2010 Heineken Cup Final
- Event: 2009–10 Heineken Cup
| Stade Toulousain | Biarritz Olympique |
| France | France |
| 21 | 19 |
- Date: 22 May 2010
- Venue: Stade de France, Saint-Denis
- Man of the Match: William Servat (Toulouse)^{[citation needed]}
- Referee: Wayne Barnes (England)
- Attendance: 78,962

= 2010 Heineken Cup final =

European club rugby union competition final

The 2010 Heineken Cup Final was the final match of the 2009–10 Heineken Cup, the 15th season of Europe's top club rugby union competition. The match was played on 22 May 2010 at Stade de France, Saint-Denis north of Paris. It was contested by Biarritz and Toulouse, both from France.
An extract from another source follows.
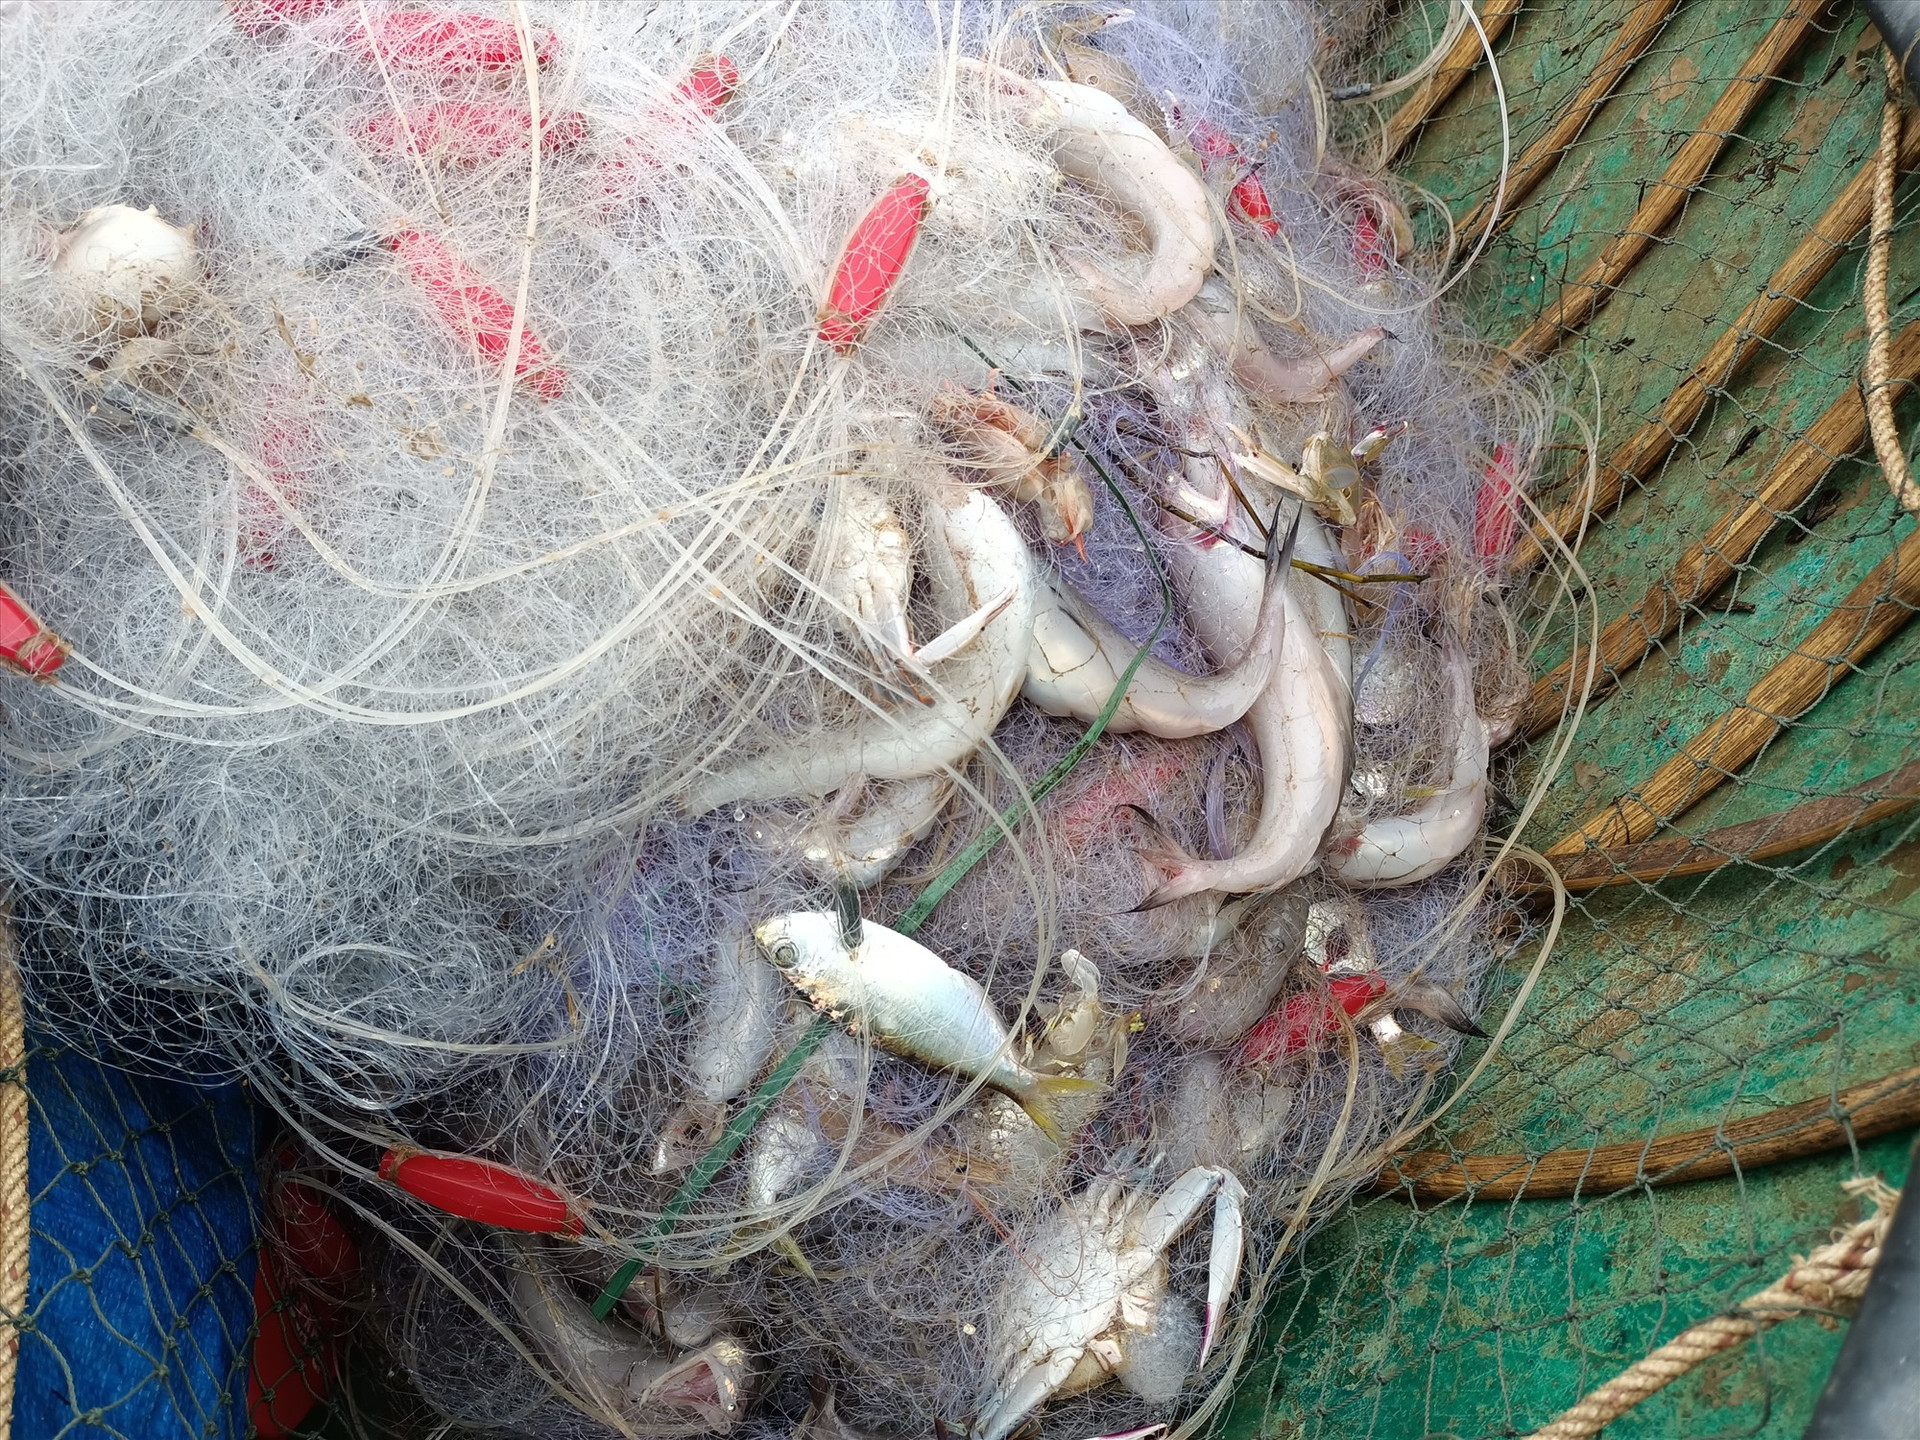 Cá khoai mắc dày đặc lưới của ngư dân.

Toulouse won the final by 21–19, and for a record fourth time in fifteen seasons of the competition.

==Background==
The Heineken Cup was established by the Five Nations Committee in 1995 to provide a new level of professional cross border competition. Clubs from the Premiership Rugby, Pro14 Super 10 and the Top 14 leagues qualified for the competition based on their performance in their national leagues. In 2014, the competition was replaced by the European Rugby Champions Cup after negotiations between English and French clubs who withdrew from the tournament because of governance, qualifying rules and distribution of income were completed.
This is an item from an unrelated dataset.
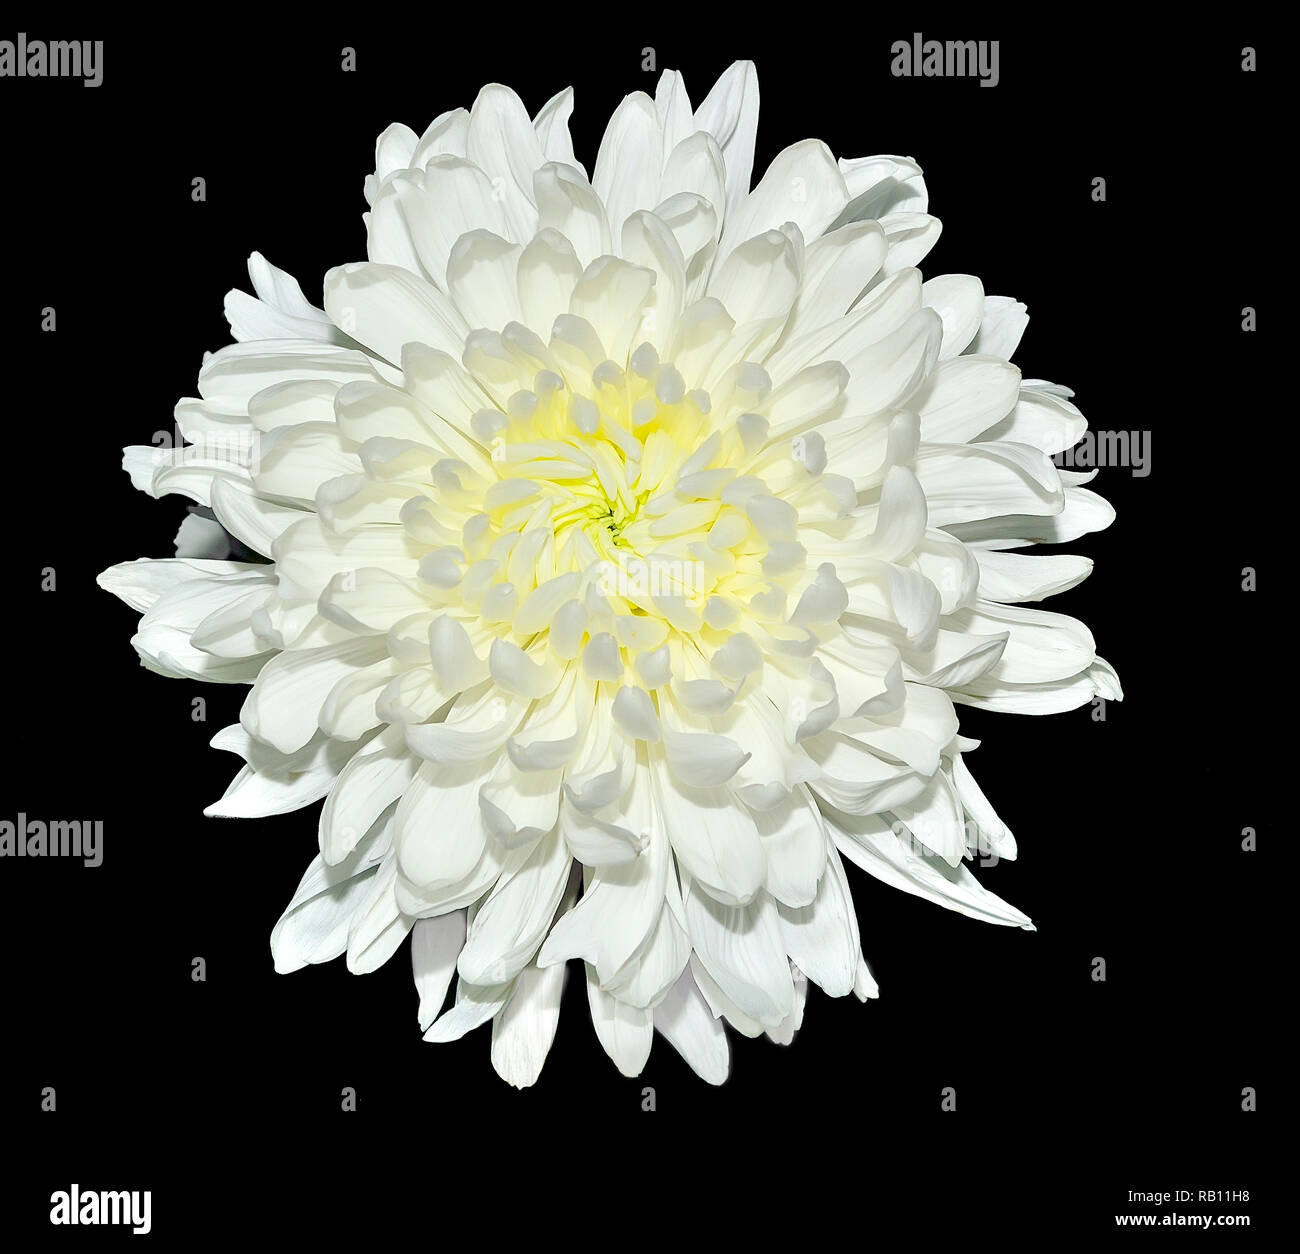 Einzelne weiße Chrysantheme Blume mit gelber Mitte, auf einem schwarzen Hintergrund. Schöne elegante flowerhead mit zarten Blütenblätter Stockfoto

Toulouse reached the final after a 26–16 win against defending champions Leinster in the semi-final Biarritz got to the final after defeating Munster 18–7 in their semi final.
Toulouse previously won the trophy in 1996, 2003, and 2005. This was their sixth final in total. This was Biarritz's second final after being runner's up in 2006.

==Build Up==
On 18 May 2010, it was announced that Biarritz centre Damien Traille had lost his battle to be fit for the final after failing to recover in time from a fractured forearm. Imanol Harinordoquy, who played with a broken nose and rib injury in the semi-final was fit to play and started at number 8.
Toulouse coach Guy Noves was aiming to guide them to a record fourth Heineken Cup title since he took over in 1993. This was a first European final for Biarritz's joint coaching team of Jack Isaac and former France hooker and prop Jean-Michel Gonzalez.

==Match==

===Summary===
At the end of the first quarter of the game Biarritz were six points clear after two successful penalties from Dimitri Yachvili. His third penalty success followed a penalty kick from Toulouse centre Florian Fritz who scored from three metres inside his own half. It was 9–3 to Biarritz after half-an-hour, but nine points in five minutes just before the break for Toulouse transformed the scoreboard. Two David Skrela penalties were followed by a drop goal from Florian Fritz to put Toulouse three points clear at 12–9 at half time.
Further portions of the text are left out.